Jenny Salesa, Dr Primla Khar and Dr Parmjeet Parmar with performers and officials

“When ‘self’ is in harmony with the surrounding and the environment, the next step of fostering the growth of people around occurs. This care can be emotional, financial and health. We can facilitate youth by identifying their passion and problems and solving the latter through constructive demonstration,” she said.

Dr Khar said that it is important to make our young people realise that they are the flagbearers of our heritage, culture and traditions.

Widening gulf

Former Forum President Ranjna Patel

Earlier, opening the Conference, Former Forum President Ranjna Patel spoke of the continuing gap between men and women in the corporate world.

“Women account for only 37% on Boards of companies and less 35% in executive positions. But only 18% of top jobs including in governance role is held by Non-European New Zealanders.
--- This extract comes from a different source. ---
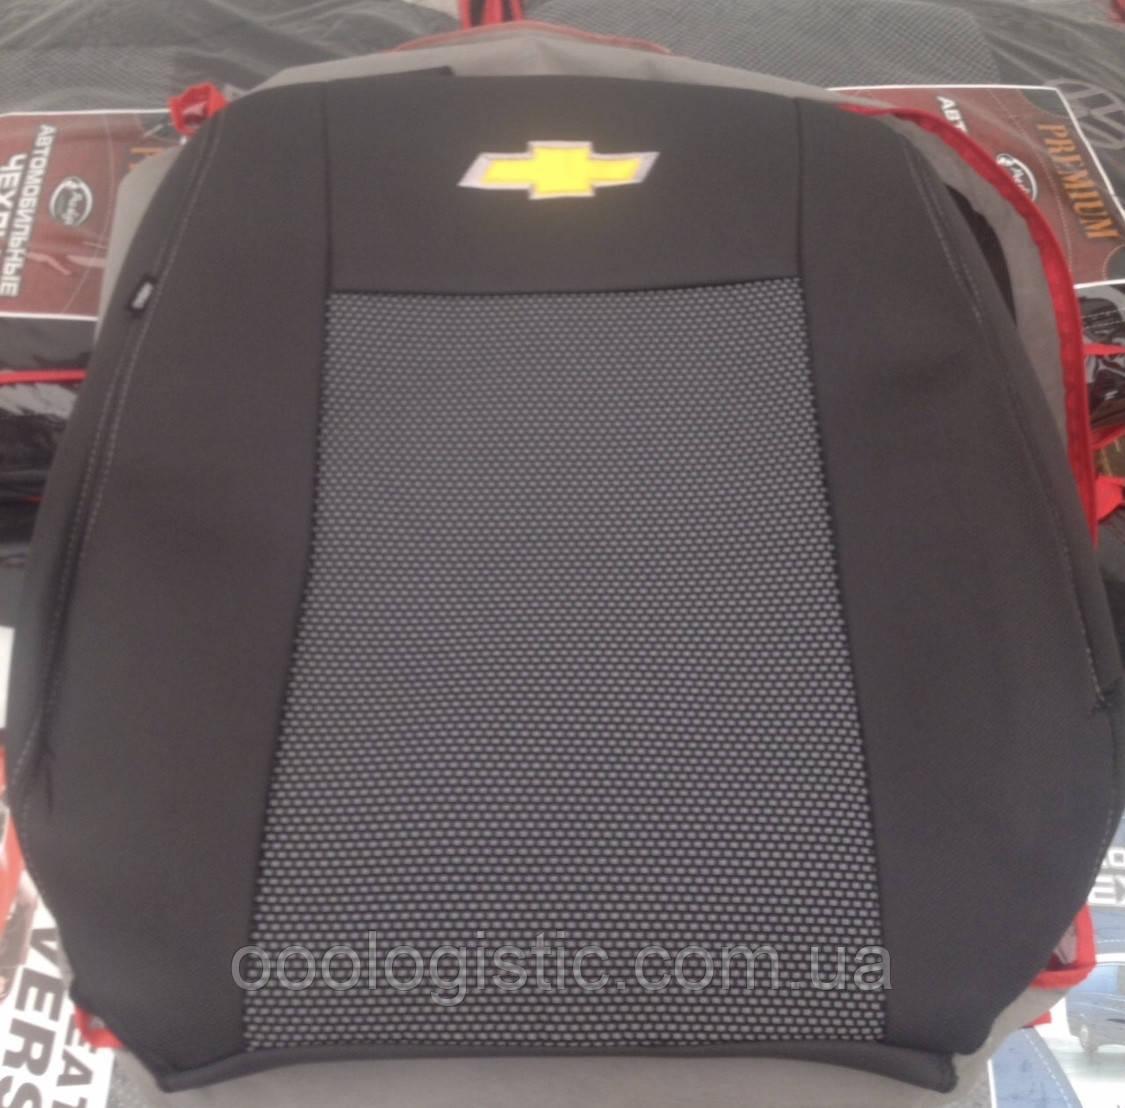 Авточохли на Chevrolet Nubira 2004 року wagon, Шевроле Нубіру

The next logical step in the move towards equity should involve ethnic women and their increased participation,” she said.

Stating that women should achieve their potential, Ms Patel quoted American Writer and Philosopher Ralph Waldo Emerson, who said, “What lies behind us and what lies before us are tiny matters compared to what lies within us.”

Liberation from Abuse: Freedom Dance by Charu Chutani

Panel Discussion

Dr Pushpa Wood, Westpac Massey Fin-Ed Centre Director facilitated a Panel Discussion covering topics such as Self-Respect (‘Atma Shakthi’ as she called), Self-Confidence, Mental Illness, Mindset to overcome problems, Freedom of choosing what and how to wear as a Personal Statement and Relationships and Parenthood.

Among the speakers were Minal Rai (Teacher at AUT), Ashima Singh (Partner, Legal Associates Barristers & Solicitors), Harpreet Kaur (University of Auckland Law & Commerce student), Malti Kumar Sharma (Legal Executive at PatelNand Legal) and Danish Lang Siu (Barrister & Solicitor at Counties Manukau District Health Board).

This Reporter wrapped up the discussion.

Among the other speakers were NZICA Vice-President Prakash Biradar and Forum Secretary Champa Patel.